Saying that the projected rapid growth of the ASP market did not materialize, FutureLink NASDAQ: FTRL president and CEO Howard E. Taylor reported that the Lake Forest-based Calif.-based company suffered a fourth quarter net loss of $205.1 million ($2.92 per share) on revenue on $34.1 million.
Taylor said FutureLink was facing the “hard reality of the ASP market. We are no longer emphasizing the ASP market in the U.S.,” Taylor said today in conference call and Web cast.
Instead, Taylor said, the company will capitalize on traditional information technology markets in the U.S., but continue to focus on the ASP market internationally. The company’s ASP revenue for the year was $5.4 million. For the fourth quarter ASP revenue was $1.8 million or 4 percent of overall revenue.
FutureLink also reported that the company’s current cash position will not carry it through 2001. “Additional actions are needed to reach profitability. We need to reduce operating capital needs and raise capital,” said Taylor. The steps may include eliminating unprofitable lines of business and selling one or more business lines or divisions.

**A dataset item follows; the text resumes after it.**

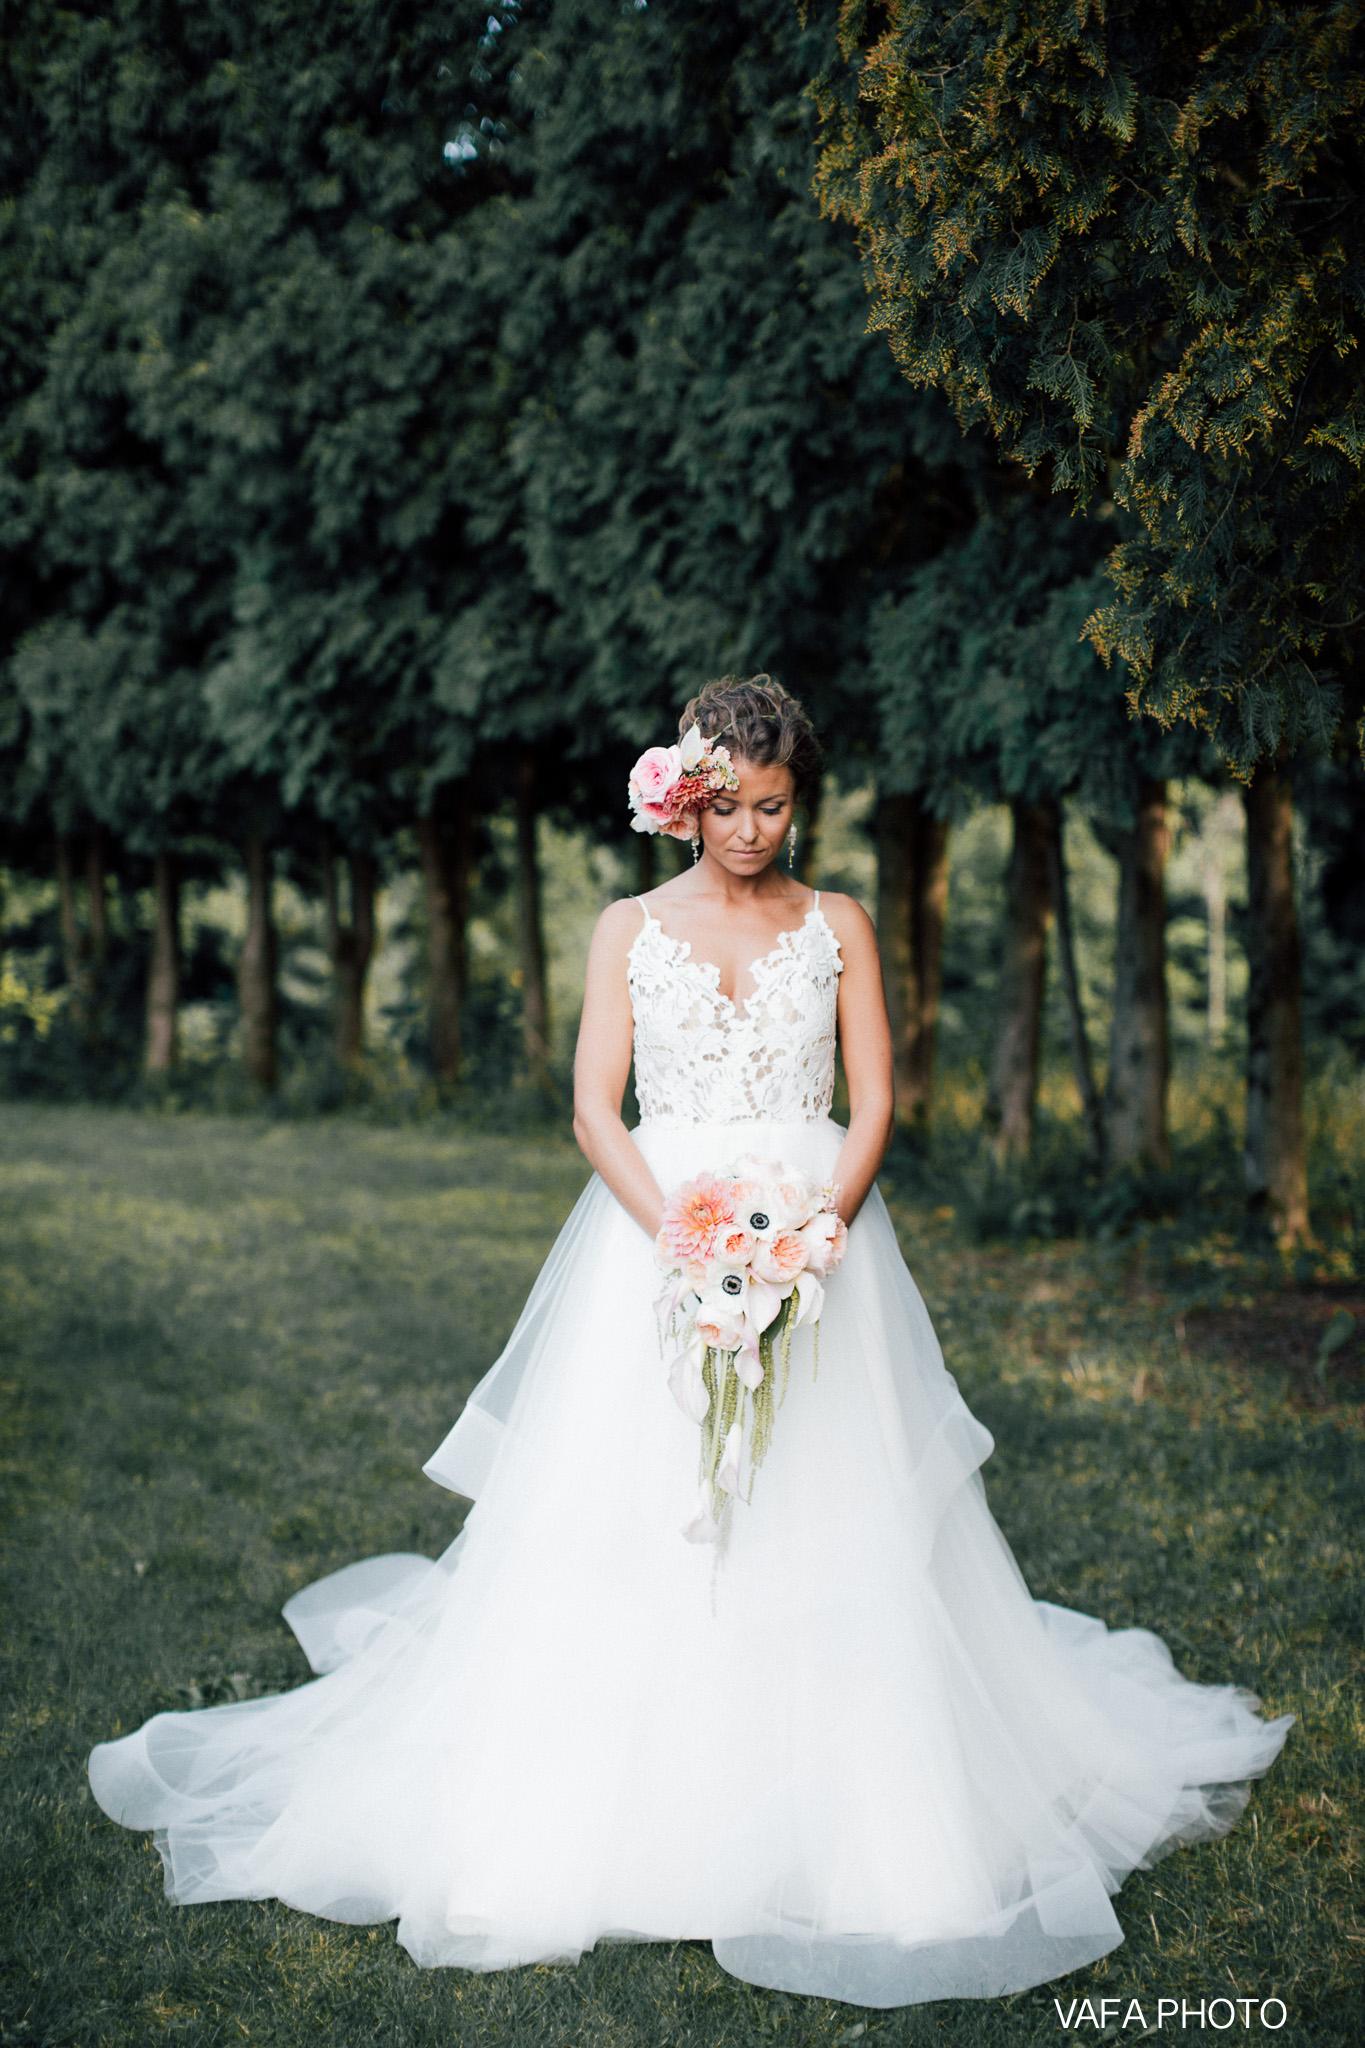 The-Felt-Estate-Wedding-Kailie-David-Vafa-Photo-698.jpg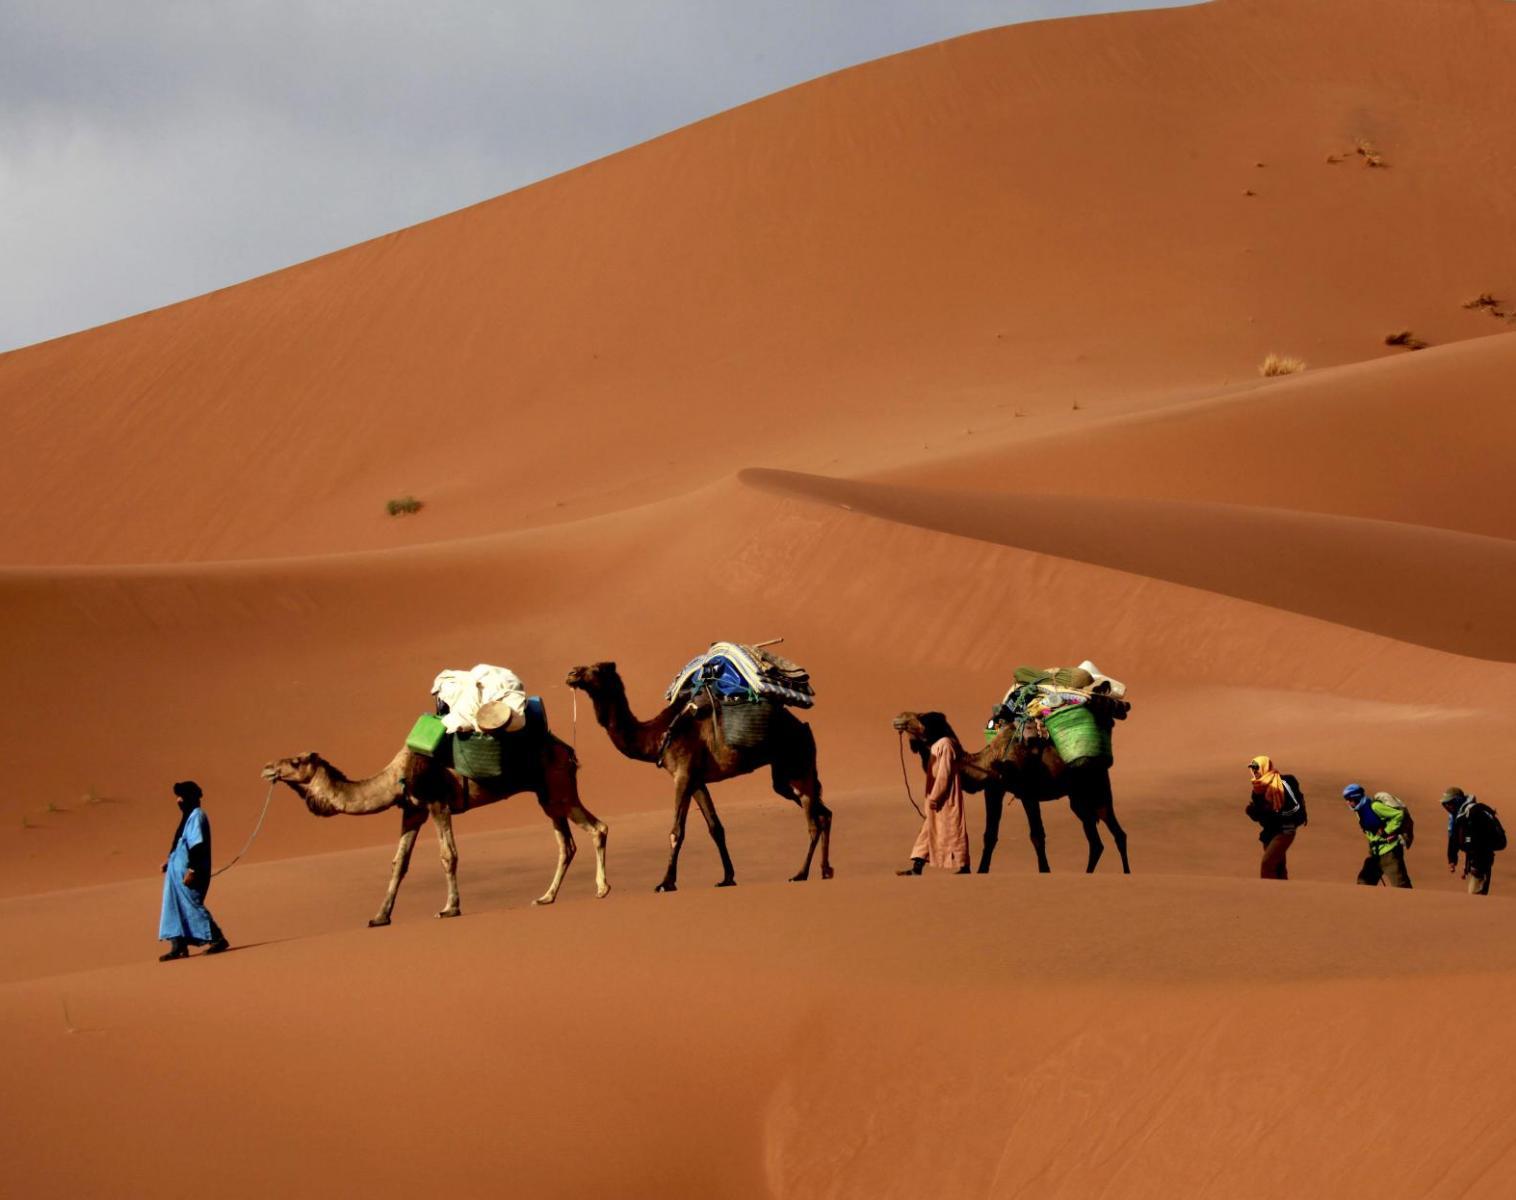 Maroc  Trek du Drâa aux dunes chantantes   Trek & Randonnée

Taylor said he is confident the company can reach a break-even point by the fourth quarter of 2001. However, for the more immediate future the company faces several challenges.
In a prepared statement, FutureLink said that in November, it entered into two related receivables-based credit facilities with a financial institution, for up to $25 million. The company’s level of tangible net worth has been below the amount required under these facilities. FutureLink reports it has obtained waivers from the lender relating to such noncompliance until the next monthly measurement date of April 30.
To comply with the requirements, FutureLink will need to raise the necessary capital, obtain additional waivers from the lender or reach an agreement with the lender to modify the covenant to an achievable level by the April 30 deadline.
Because the company’s cash balances are below $10 million, all collections on the company’s receivables are being deposited directly into the lender’s lockbox, Taylor said. These collections are then applied to reduce the company’s outstanding borrowings on the facilities. The company’s capacity to borrow fluctuates daily based on that day’s level of eligible accounts receivable and the level of outstanding borrowings.
Taylor also reported that because the company has not maintained a minimum bid price of $1 for 30 consecutive days of trading, Nasdaq has given the company 90 days (until June 25) to meet the requirement or face being delisted. “We may appeal that,” Taylor noted.
FutureLink, a founding member of the ASP Industry Consortium, is still committed to the ASP market, Taylor said. “It’s not a matter of if but when,” he added, referring to the future of the ASP industry. “We are not abandoning the ASP market. Through our direct channel, we are positioned to take advantage of it,” said Taylor.
FutureLink provides integrated solutions, hosted applications services and was one of the first application infrastructure companies to offer software as service. On January 17, FutureLink reduced it workforce by 8 percent. (See “FutureLink Sheds Staff, Refocuses”).